Your collection is fantastic!
I still am so happy with my only Bal, the Hamilton 2012 that has been giving me a great joy,every time, I carry it.
How do you dress with the reds, if you dont mind asking?


----------



## CeeJay

^^ I've always felt that Red is a natural accent color.  The only color that I won't mix with a Red bag is a bright Pink.  I don't wear Green (not my favorite color), so it's not an issue looking like a Christmas Tree!


----------



## Izzy48

CeeJay said:


> The Rouge Cardinal has more 'pink-y' undertones, so you should be okay.  Can you see them IRL? .. or do you have to order online?


Absolutely have to order on line. I did order and it arrived and you are spot on about the color. It is a beautiful red with slight pink undertones. However, I had to return it because it had a grey/light black cast to it as if someone had rubbed it lightly with that color. I was so disappointed. The Bal rep said it was more than likely color transfer from something. It was a Velo and again I loved it but I am a bit concerned about ordering again. Do reds have a problem with this transfer issue. Wonder how they store the bags and if it really is color transfer? Would you chance a reorder? Since I have only owned two Bal's  I am not sure what to do but your reds are beyond awesome.


----------



## CeeJay

Izzy48 said:


> Absolutely have to order on line. I did order and it arrived and you are spot on about the color. It is a beautiful red with slight pink undertones. However, I had to return it because it had a grey/light black cast to it as if someone had rubbed it lightly with that color. I was so disappointed. The Bal rep said it was more than likely color transfer from something. It was a Velo and again I loved it but I am a bit concerned about ordering again. Do reds have a problem with this transfer issue. Wonder how they store the bags and if it really is color transfer? Would you chance a reorder? Since I have only owned two Bal's  I am not sure what to do but your reds are beyond awesome.



What?!?! .. they sent you a bag which had color transfer on it???  That's DISGUSTING and so wrong!!! 

All lighter color bags can get color transfer, especially if the wearer is wearing dark jeans or clothing which has been dyed and the color not truly 'sealed in'.  I am especially careful about dark colored jeans and my bags; if I know that I'm going to be wearing something like that, I may just use my Black or a darker-colored bag.  

Unfortunately, the Velo and Part-Time .. given the longer straps, are susceptible to color transfer given where they typically hit one on the body.  Not really anything to do with the color of the bag per se; obviously, something lighter in color will show up the color transfer more readily.  
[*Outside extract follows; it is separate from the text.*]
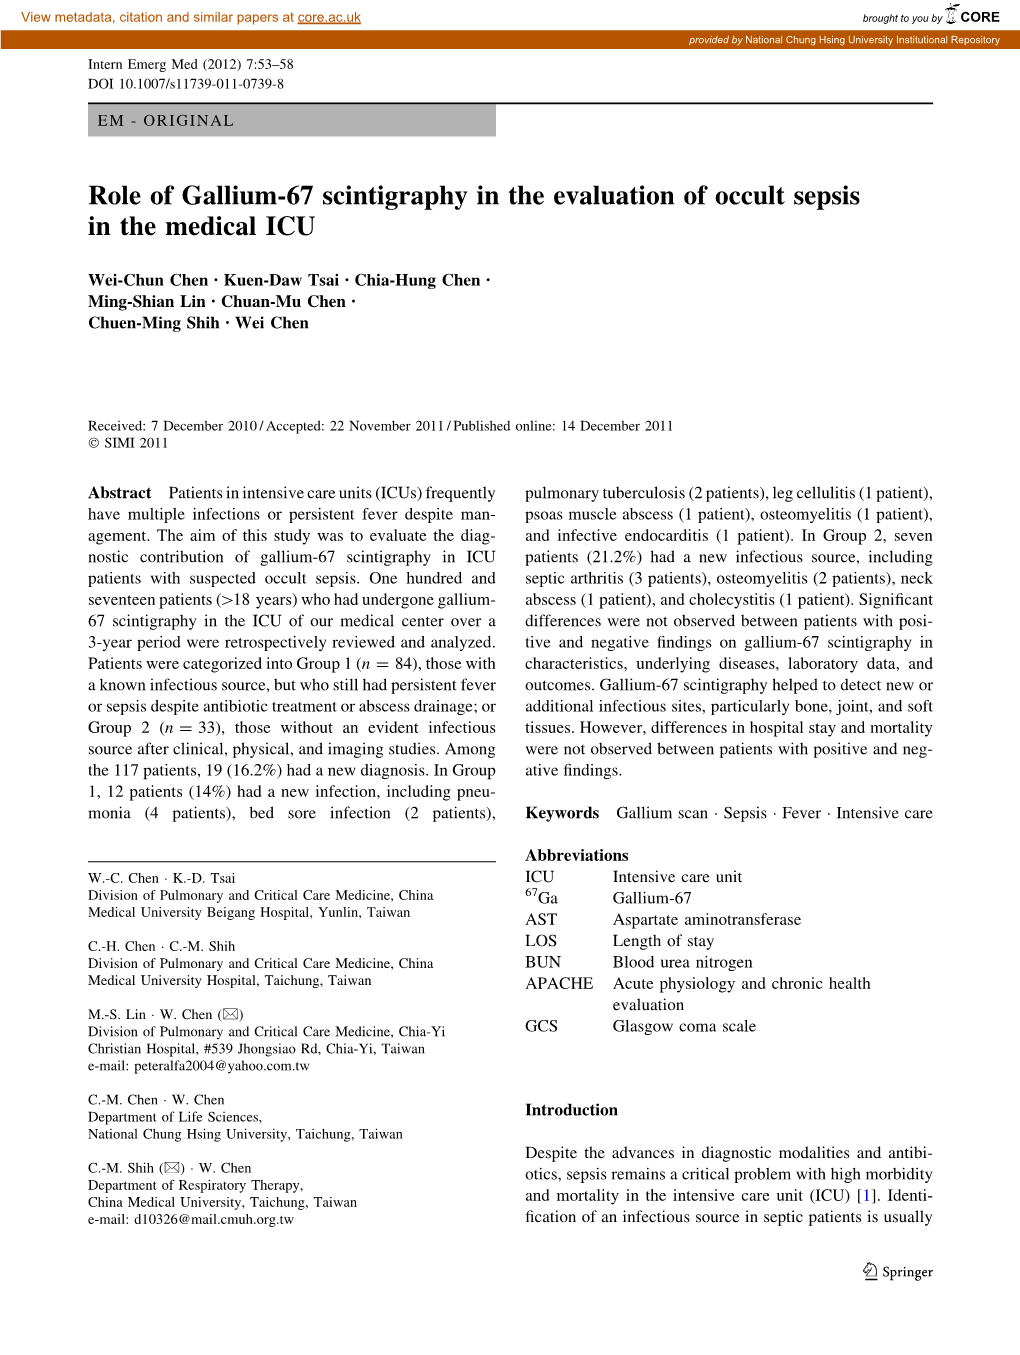 Role of Gallium-67 Scintigraphy in the Evaluation of Occult Sepsis in the Medical ICU

It is TOTALLY inexcusable for them to have sent you a bag in that condition!!  Where did you order it from .. Bal.com or one of the Balenciaga boutiques?


----------



## serenityneow

CeeJay said:


> Cool .. will do; here we go:
> 
> 
> '03 Red - Chevre leather; nice & thick and consistent color
> 
> '04 [True] Red - Chevre leather; same as above
> 
> '05 F/W Rouge Theatre - YUMMY, thick & chewy
> 
> '06 F/W Rouge Vif - FABULOUS leather, super thick & evenly distressed
> 
> '07 S/S Rouge Vermillion - '07 Chevre Leather; IMO .. '07 had the BEST leather of all years!  Super thick, chewy & evenly distressed
> '07 F/W Tomato - same as above; '07 Leather? .. can't be beat!
> '08 S/S Coral - like '07, the '08 S/S season had nice & thick, evenly distressed leather
> '08 F/W Rubisse - also thick & evenly distressed
> 
> '09 S/S Sanguine - most of the ones that I saw had nice thick leather, even distressing and consistent color
> 
> '09 F/W Poupre - not a fan; I found the leather to be thinner than prior years, veiny and color wasn't always consistent
> 
> '10 S/S Sang - inconsistent; some had nice thick leather (I had to look at quite a few before I found the right one)
> '11 F/W Coquelicot - great leather; nice & thick, even distressing and consistent color
> 
> '12 S/S Coquelicot - same as above, although some felt it had a slight orange undertone as opposed to the 2011 Coquelicot
> '13 F/W Rouge Cardinal - inconsistent; I've seen some with really great thick & distressed leather and others with thin, papery leather that was very veiny and where the color was not consistent



This is awesome!  Thank you so much!!!!!!


----------



## Izzy48

CeeJay said:


> What?!?! .. they sent you a bag which had color transfer on it???  That's DISGUSTING and so wrong!!!
> 
> All lighter color bags can get color transfer, especially if the wearer is wearing dark jeans or clothing which has been dyed and the color not truly 'sealed in'.  I am especially careful about dark colored jeans and my bags; if I know that I'm going to be wearing something like that, I may just use my Black or a darker-colored bag.
> 
> Unfortunately, the Velo and Part-Time .. given the longer straps, are susceptible to color transfer given where they typically hit one on the body.  Not really anything to do with the color of the bag per se; obviously, something lighter in color will show up the color transfer more readily.
> 
> It is TOTALLY inexcusable for them to have sent you a bag in that condition!!  Where did you order it from .. Bal.com or one of the Balenciaga boutiques?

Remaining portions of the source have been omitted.